Badsee offers a variety of outdoor activities catering to visitors of all ages. The lake is encircled by a 7-kilometer-long, predominantly flat trail that is ideal for hiking, jogging, Nordic walking, and cycling. This accessible route is family-friendly and also serves as a popular path for cyclists traveling between Isny and Wangen.

Adjacent to the northern shore of the lake, there is an outdoor swimming pool equipped with a spacious sunbathing lawn. Here, visitors can directly access the water, which pleasantly warms up to over 20 degrees Celsius during the summer months. The lake is a hub for various water-based activities, including splashing around, swimming, and embarking on pedal or paddle boat tours. Additionally, a VDWS-certified surf school offers courses suitable for both beginners and seasoned enthusiasts.
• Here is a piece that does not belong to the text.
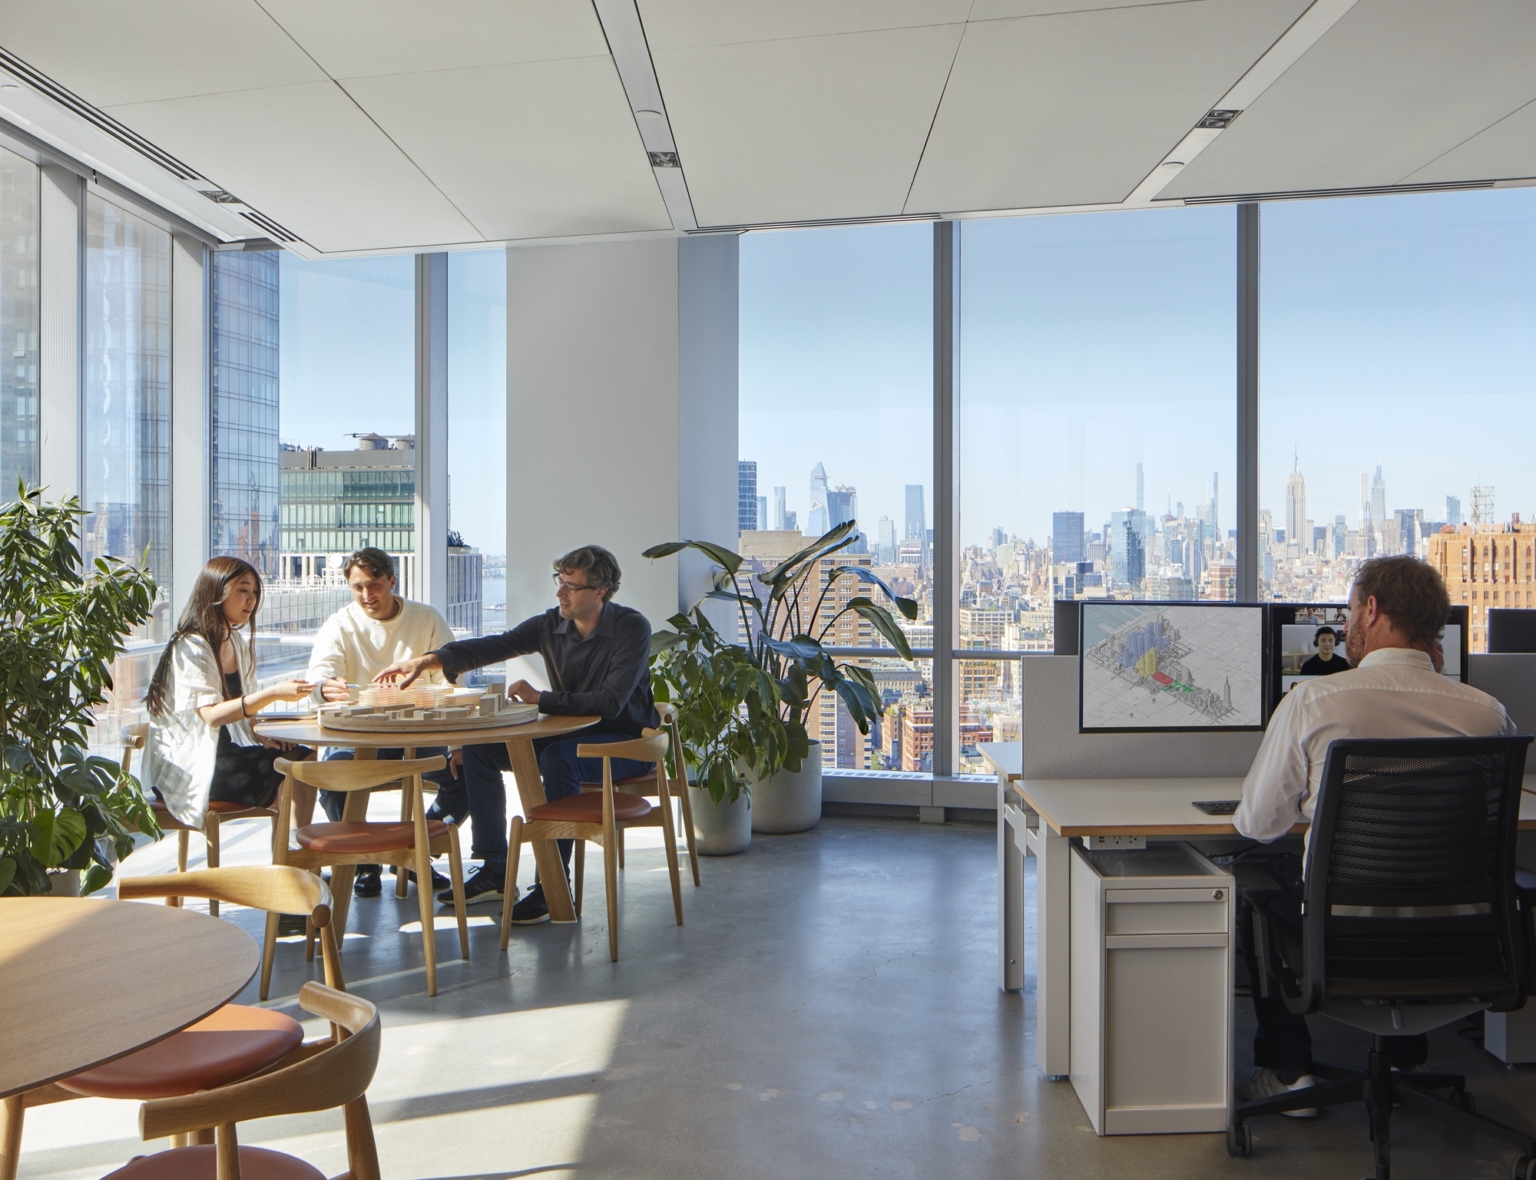 【Skidmore, Owings & Merrillのオフィスデザイン】- ニューヨーク州ニューヨーク市のコミュニケーションスペース

For refreshments and relaxation, visitors can head to the restaurant and kiosk located at the nearby campsite.

=== Heart Hiking Trail and Moor Exploration ===
The camping park has developed the Heart Hiking Trail, a 2.7-kilometer path adorned with intricately designed wooden hearts, showcasing the beautiful landscape of the lake, forest, and meadows. The trail is designed to be accessible, making it suitable for visitors with baby carriages.

For those interested in longer hikes, the lake circuit can be combined with various trails through the Fetzachmoos, such as the Beuren Forest Adventure Trail. The raised bog area features fascinating natural phenomena, including primeval lakes and "dead ice holes" – depressions filled with Ice Age meltwater. During the spring and fall, the moor and Badsee (also known as Haldensee) become a resting spot for numerous migratory bird species, adding a unique aspect to the area's natural diversity.